DATASET EXTRACT:
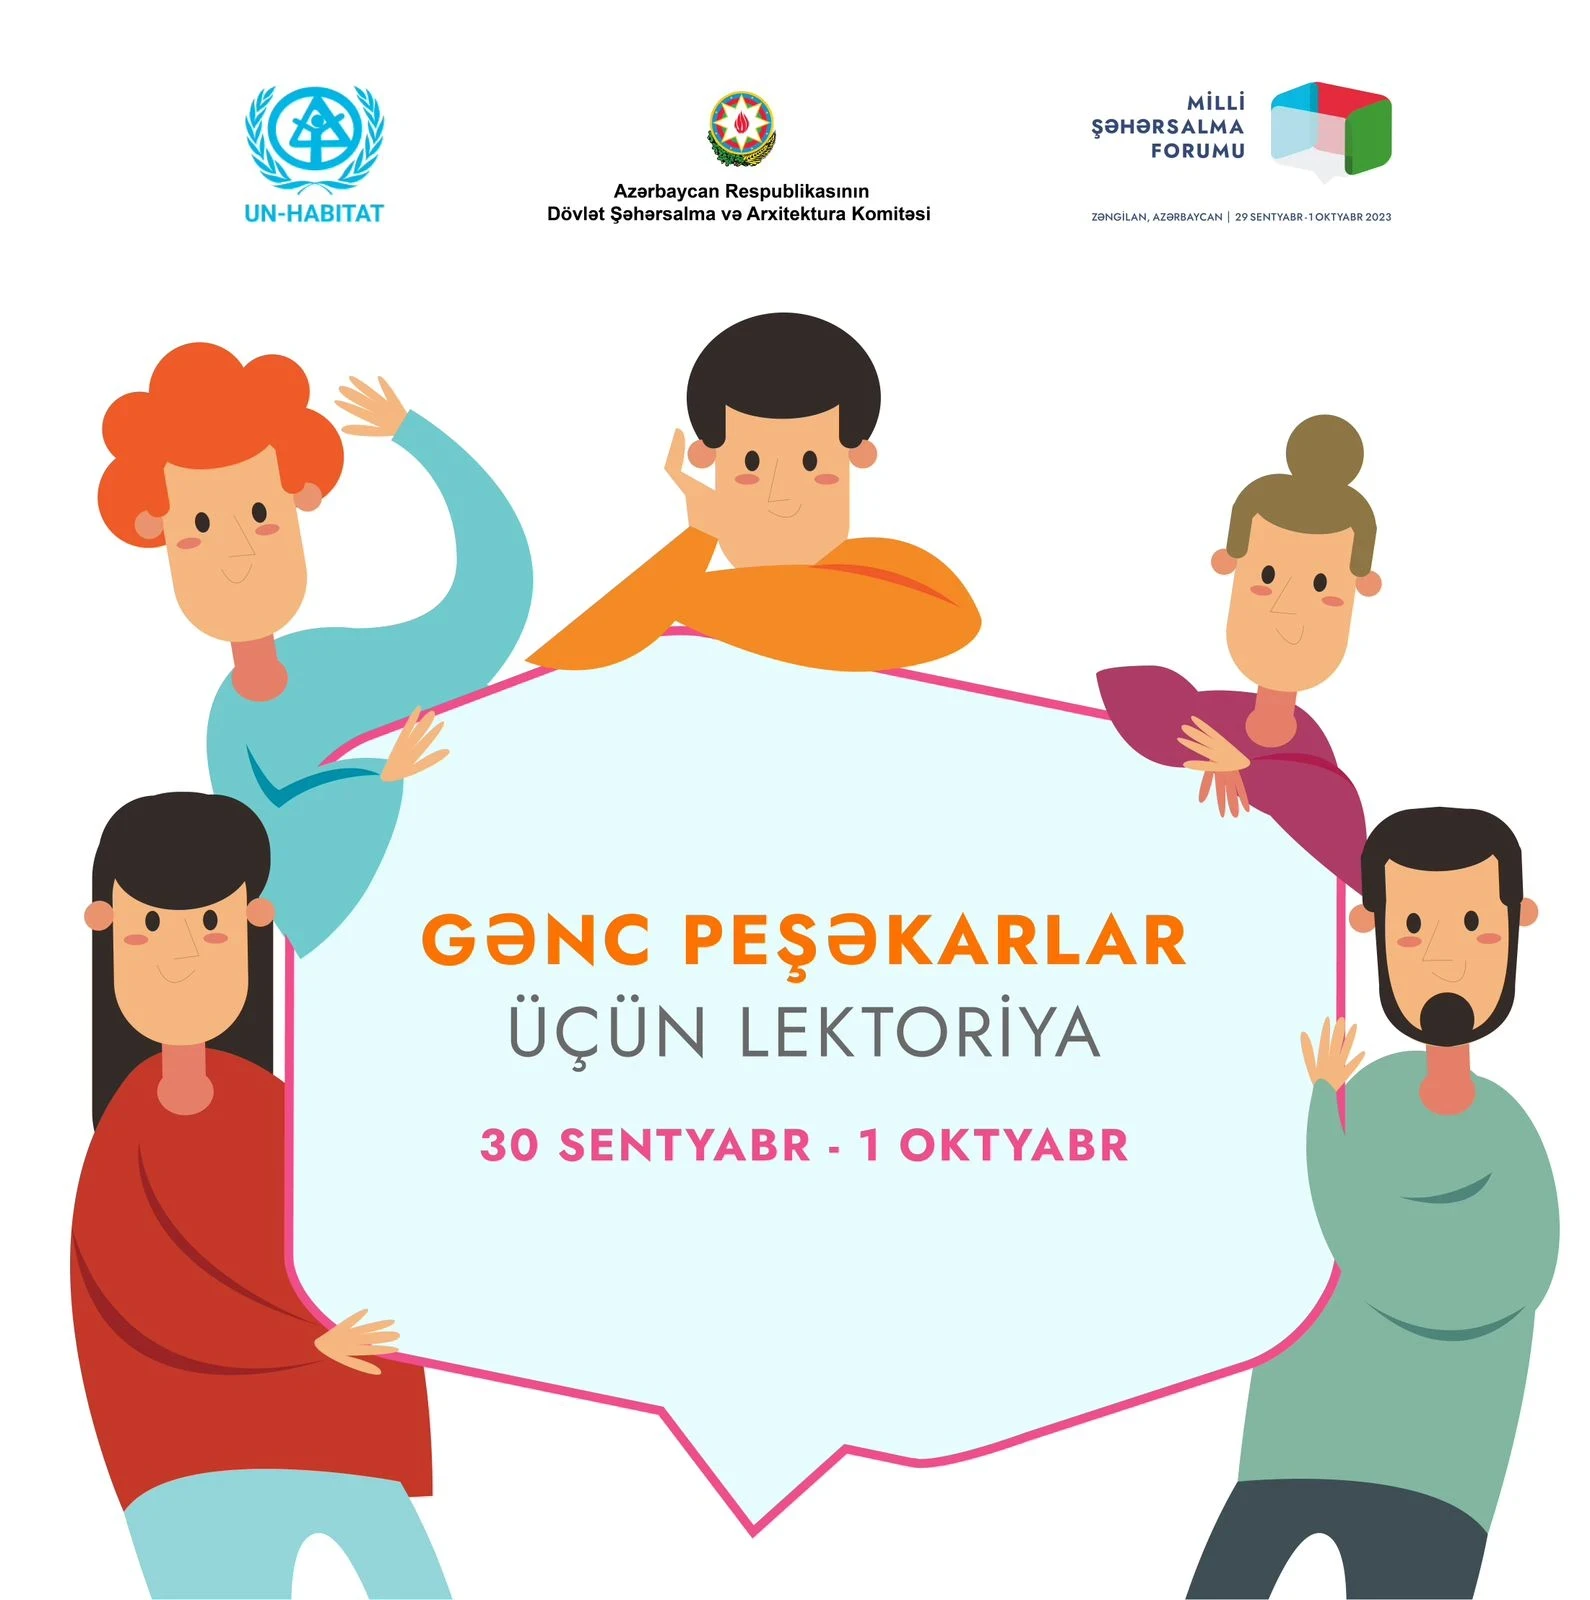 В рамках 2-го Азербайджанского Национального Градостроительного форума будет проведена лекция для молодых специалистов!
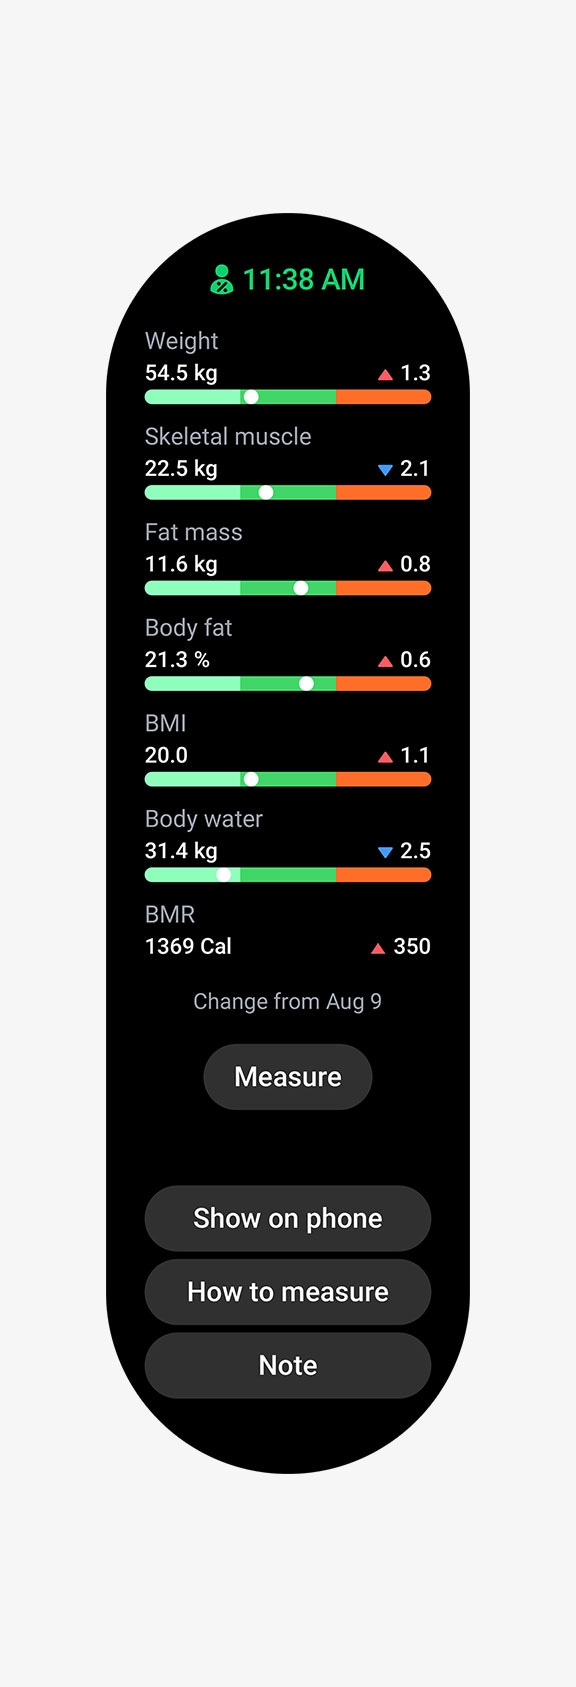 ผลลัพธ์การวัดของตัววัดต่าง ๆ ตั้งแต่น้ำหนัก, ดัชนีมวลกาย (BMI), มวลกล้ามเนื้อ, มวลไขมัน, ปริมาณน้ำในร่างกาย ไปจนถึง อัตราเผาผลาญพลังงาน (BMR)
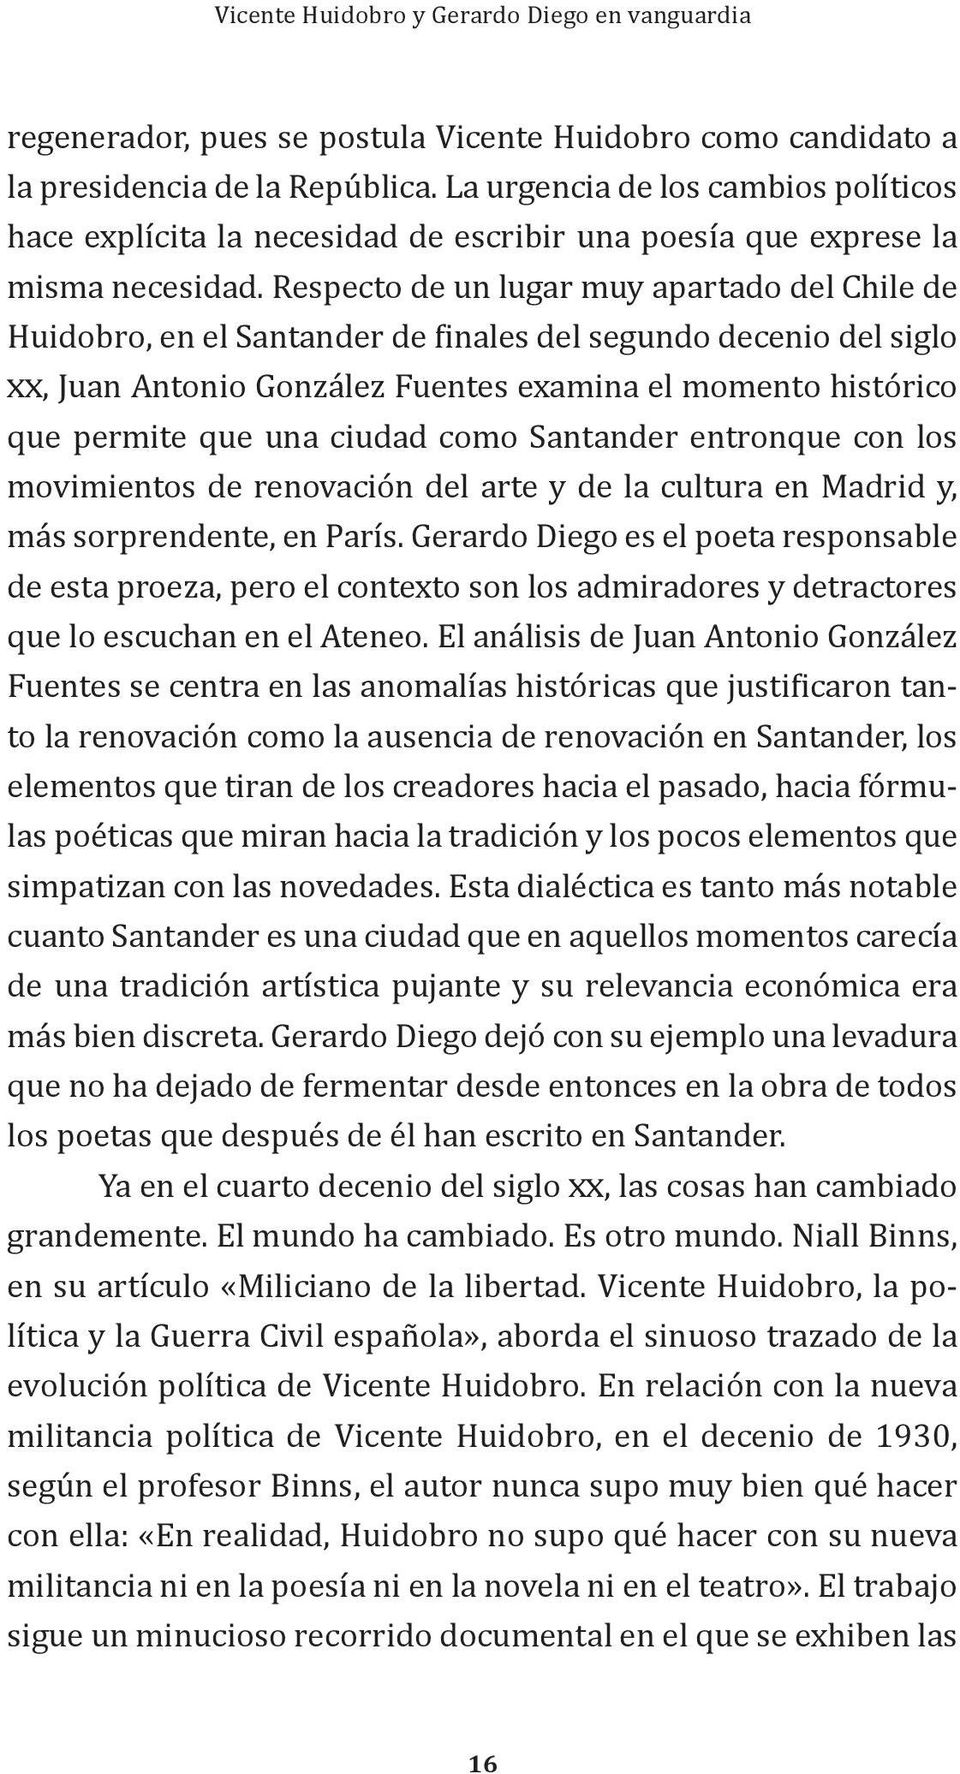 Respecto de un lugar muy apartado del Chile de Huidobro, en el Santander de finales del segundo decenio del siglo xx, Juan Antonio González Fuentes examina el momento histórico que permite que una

YOUR ASSIGNMENT: Each of the lines above should be transcribed exactly; no image is to be copied.

RESULT OF THE EXERCISE:
 В рамках 2-го Азербайджанского Национального Градостроительного форума будет проведена лекция для молодых специалистов!
 ผลลัพธ์การวัดของตัววัดต่าง ๆ ตั้งแต่น้ำหนัก, ดัชนีมวลกาย (BMI), มวลกล้ามเนื้อ, มวลไขมัน, ปริมาณน้ำในร่างกาย ไปจนถึง อัตราเผาผลาญพลังงาน (BMR)
 Respecto de un lugar muy apartado del Chile de Huidobro, en el Santander de finales del segundo decenio del siglo xx, Juan Antonio González Fuentes examina el momento histórico que permite que una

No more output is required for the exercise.